Uno de los pilares de la serie es la amistad entre estas tres amigas de la infancia. Se quieren mucho, pero también pueden ser crueles entre ellas. ¿Qué opinas de ese tipo de amistad? ¿Existe realmente?
Yo creo que sí que existe, aunque no es mi caso exactamente. Hay muchos tipos de amistad, y esta serie muestra una muy concreta, con sus luces y sus sombras. Son relaciones muy complejas, casi familiares, porque vienen de la infancia. Eso hace que el amor sea muy incondicional, pero también que haya heridas no trabajadas y mucha cosa no hablada, ni con las demás ni con una misma. Me parece interesante que se muestren amistades imperfectas, sin idealizarlas. Creo que como espectadora se agradece ver esa complejidad. Pero también existen amistades más sanas y conscientes, construidas desde otro lugar, ya en la edad adulta.
Victoria Martín, la autora de la novela en que se basa la serie, decía que la historia trata sobre gente que odia el mundo, incluida a sí misma. ¿Tú lo ves así?
No lo sé. Es una buena pregunta. Yo no lo he trabajado desde ese enfoque. Creo que ellas tienen poca conciencia de sí mismas, se han mirado poco, han vivido muy hacia fuera.

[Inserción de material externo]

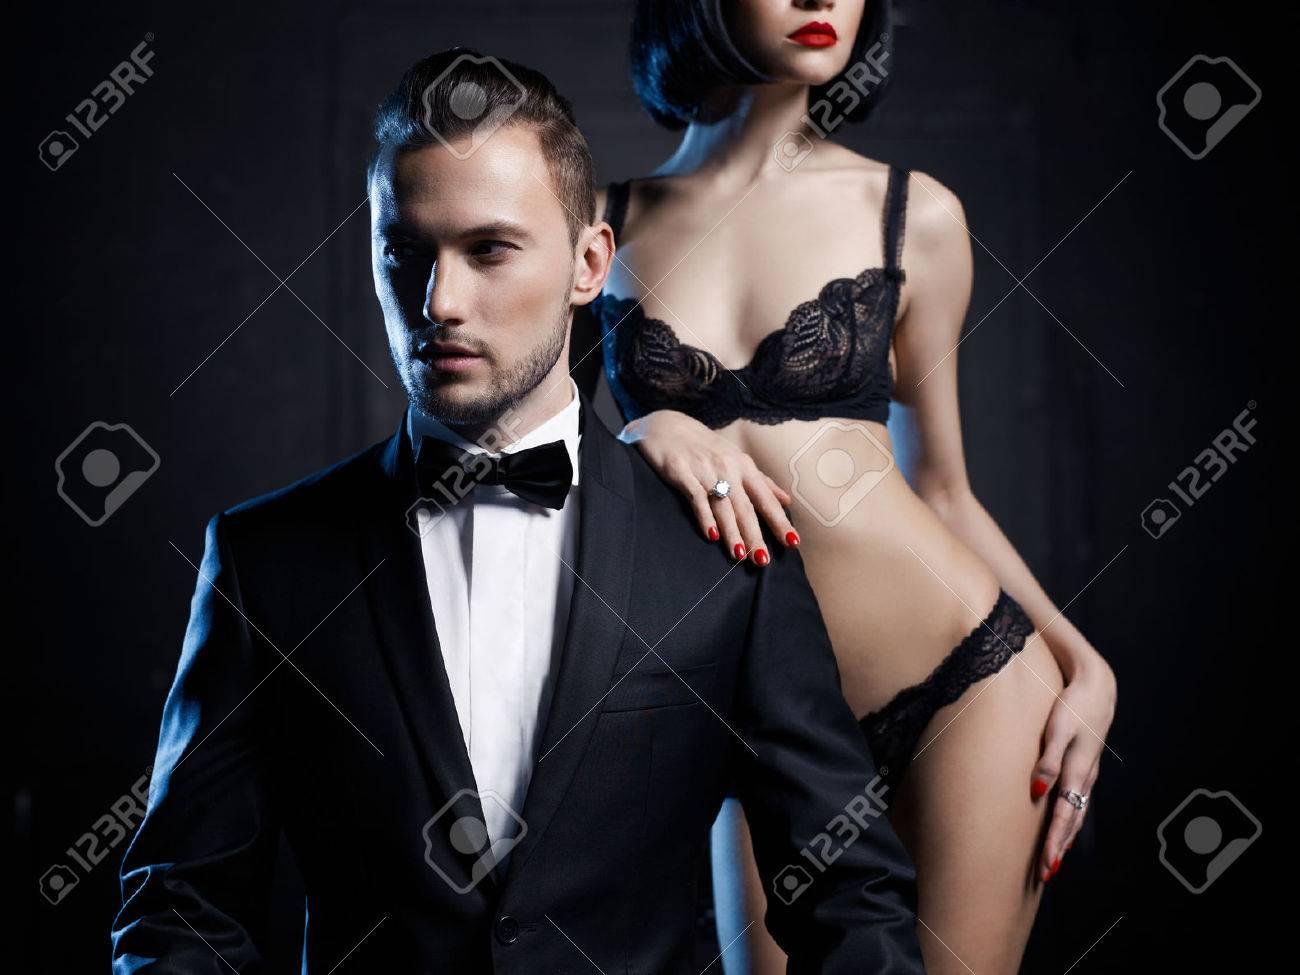 Fashion studio photo of a sensual couple in lingerie and a tuxedo Standard-Bild - 40847929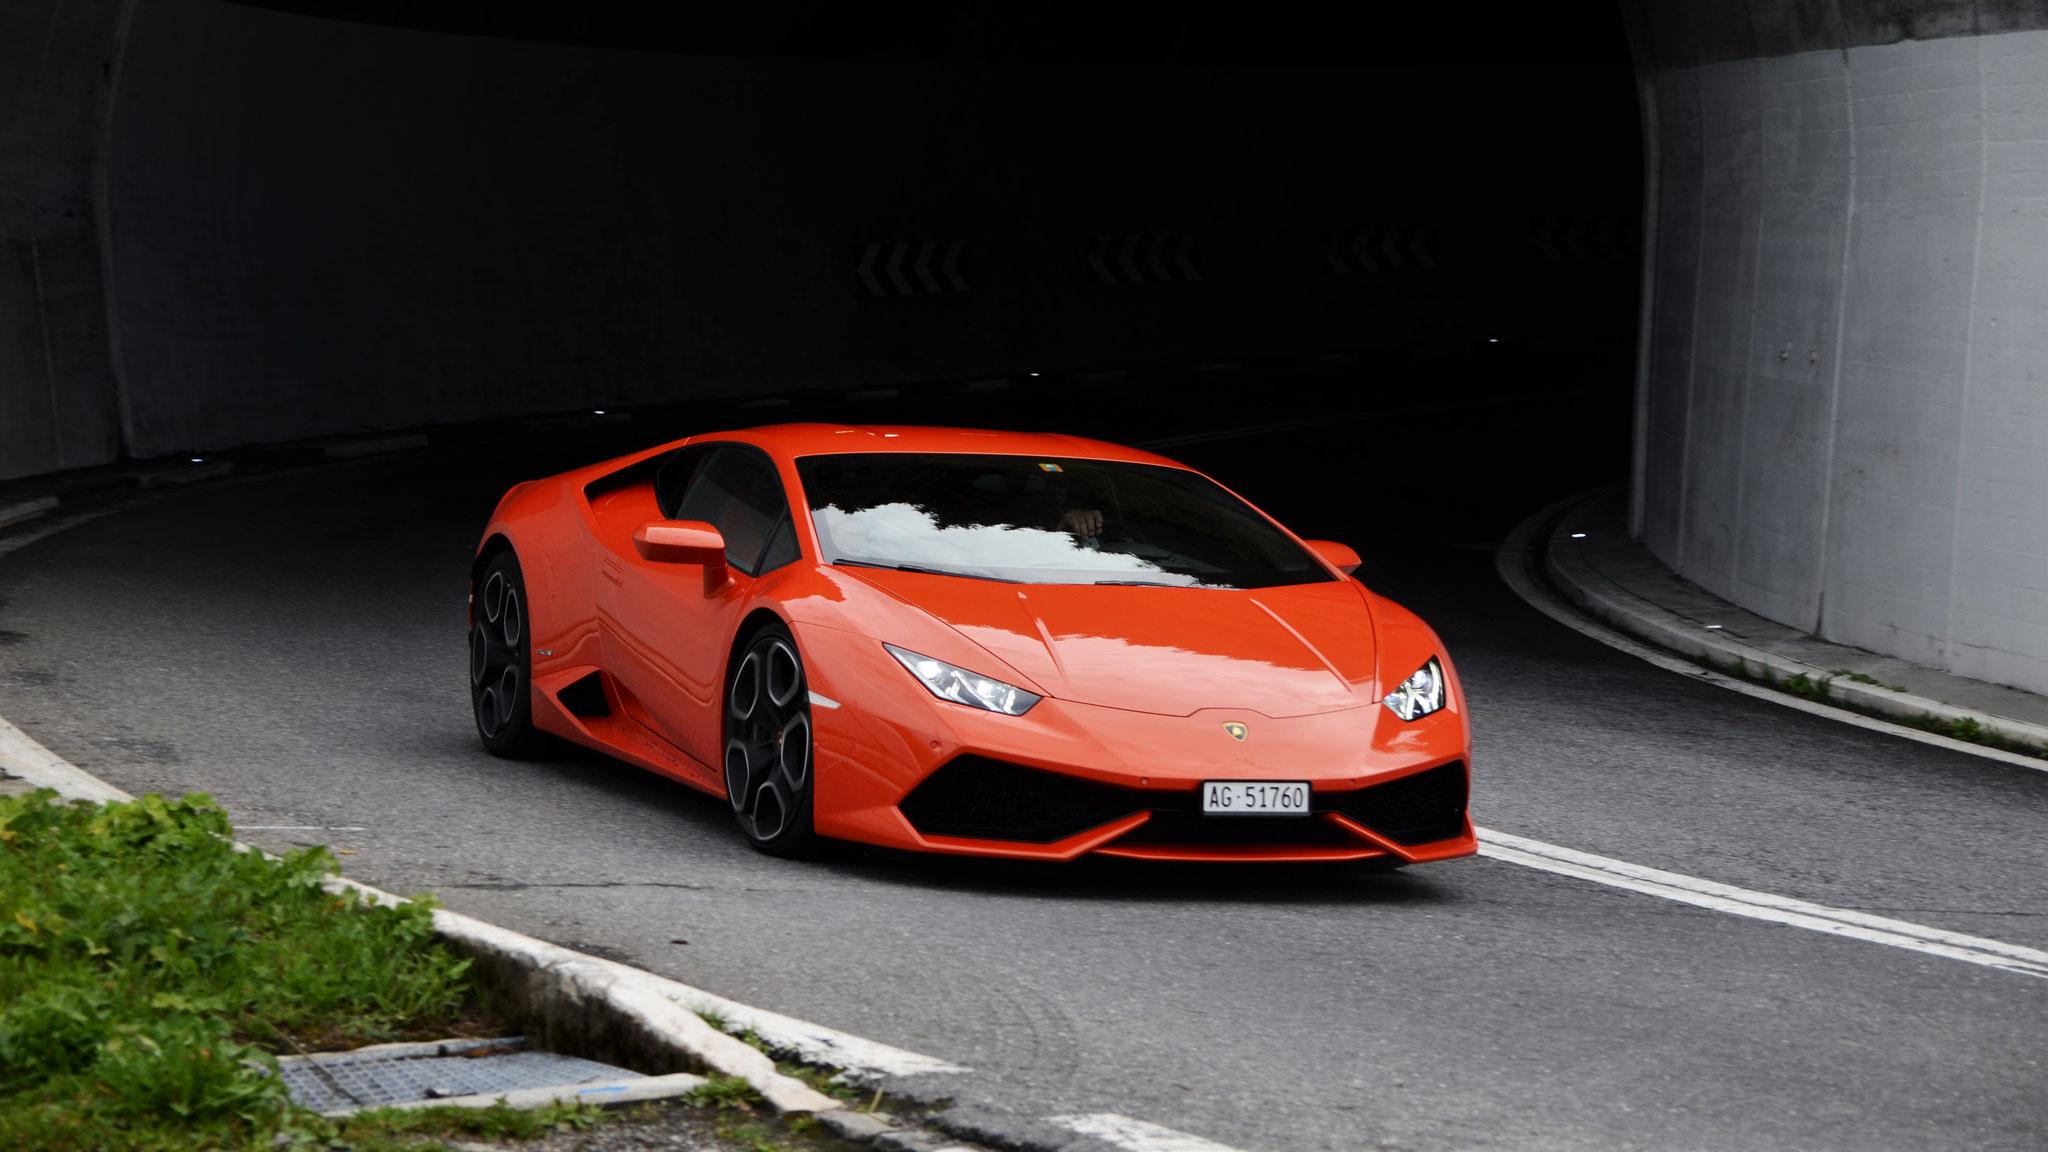 Lamborghini Huracan - AG-51760 (CH)

En el caso de Helena, creo que está lejos incluso de plantearse si se odia o no. Pero sí hay un dolor de fondo, una desconexión con la vida que quizá necesitaban y no han tenido. Cuando tapas tanto lo que eres o lo que sientes, algo de cuidado hacia ti misma se pierde por el camino.
Victoria Martín ha estado muy implicada en la serie. ¿Se agradece tener tan cerca a la creadora del proyecto?
Muchísimo. Ella ha estado en todo el proceso, junto con los directores. Ha habido mucha conversación, mucho cuidado por el detalle. Cuando trabajas con alguien que vive el proyecto de forma tan personal, se nota en todo: en el compromiso, en la sensibilidad, en las ganas de hacerlo bien. Además, ella escucha mucho, da espacio al debate, no impone. Eso hace que el trabajo sea muy enriquecedor. Ha sido un rodaje muy colaborativo, incluso muy divertido.
¿Crees que uno de los principales retos de la serie puede ser que el espectador pueda empatizar con las tres protagonistas?
Puede ser que al principio cueste un poco más, porque son personajes muy imperfectos y a veces extremos. Pero creo que a medida que avanza la historia se vuelven más humanos, más conscientes, más sensibles. Y eso facilita la empatía. No son personajes diseñados para gustar, sino para ser complejos. Y creo que ahí también hay algo muy interesante.
Última pregunta: Si Macarena fuera amiga de Helena, ¿qué consejo le daría?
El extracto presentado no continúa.